Image classification#
Machine learning is often categorized as a subfield of artificial intelligence that “uses statistical techniques to give computers the ability to learn without being explicitly programmed” (Arthur 1959, Wikipedia). Evolved from pattern recognition, and referred originally to the construction of algorithms that can learn from and make predictions on data (Kohavi & Provost 1998).
Categories:
1.) Supervised learning: Modelling the relationship between measured features and some associated label. Often applied afterwards to new, unknown data. Subcategories: classification (discrete labels) and regression (cont. labels)

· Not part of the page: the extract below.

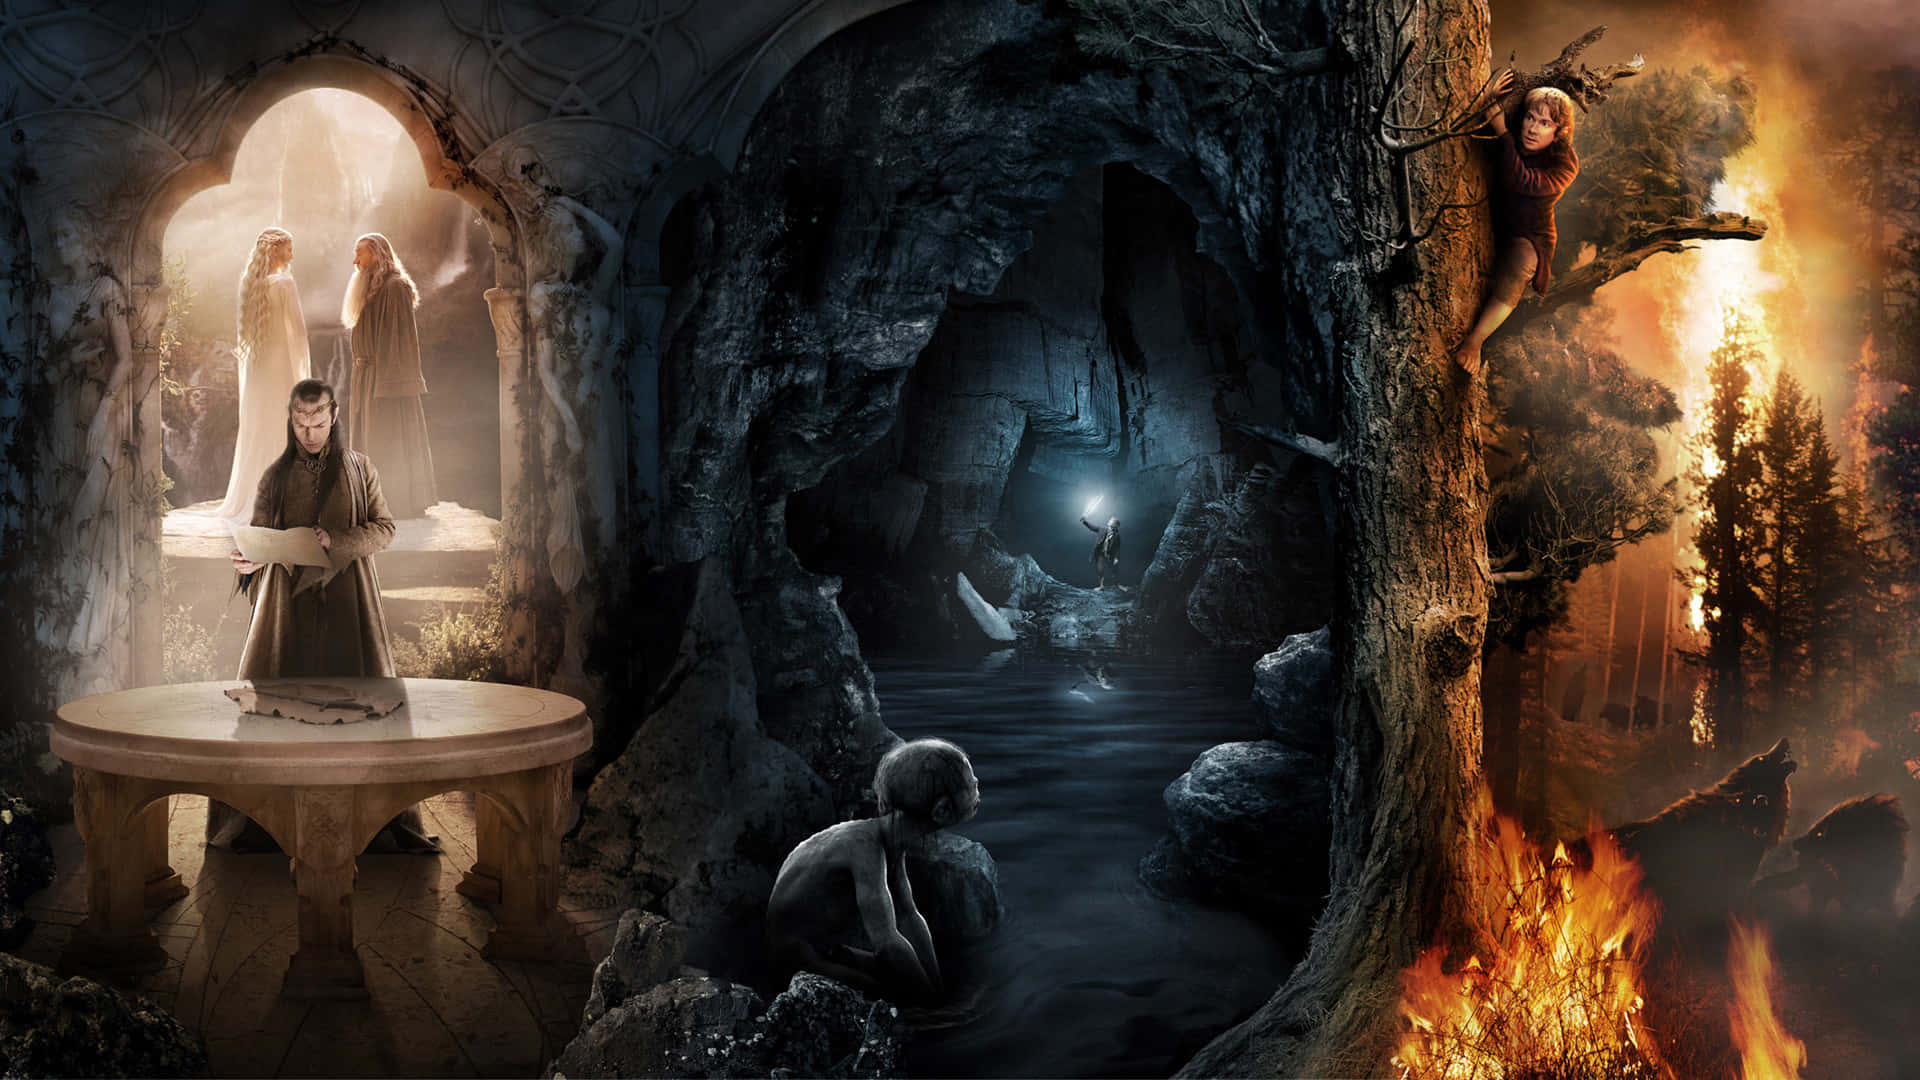 The Hobbit Epic Adventure Collage Wallpaper

2.) Unsupervised learning: Modelling features of a dataset without reference to any label Main applications: clustering (i.e., identification of distinct groups), dimensionality reduction (i.e., search for more distinct representations of data)
The Python Data Science Handbook has an excellent chapter (5) on machine learning with Python [VanderPlas, 2016]. Please carefully read this chapter and/or follow the accompanying notebooks.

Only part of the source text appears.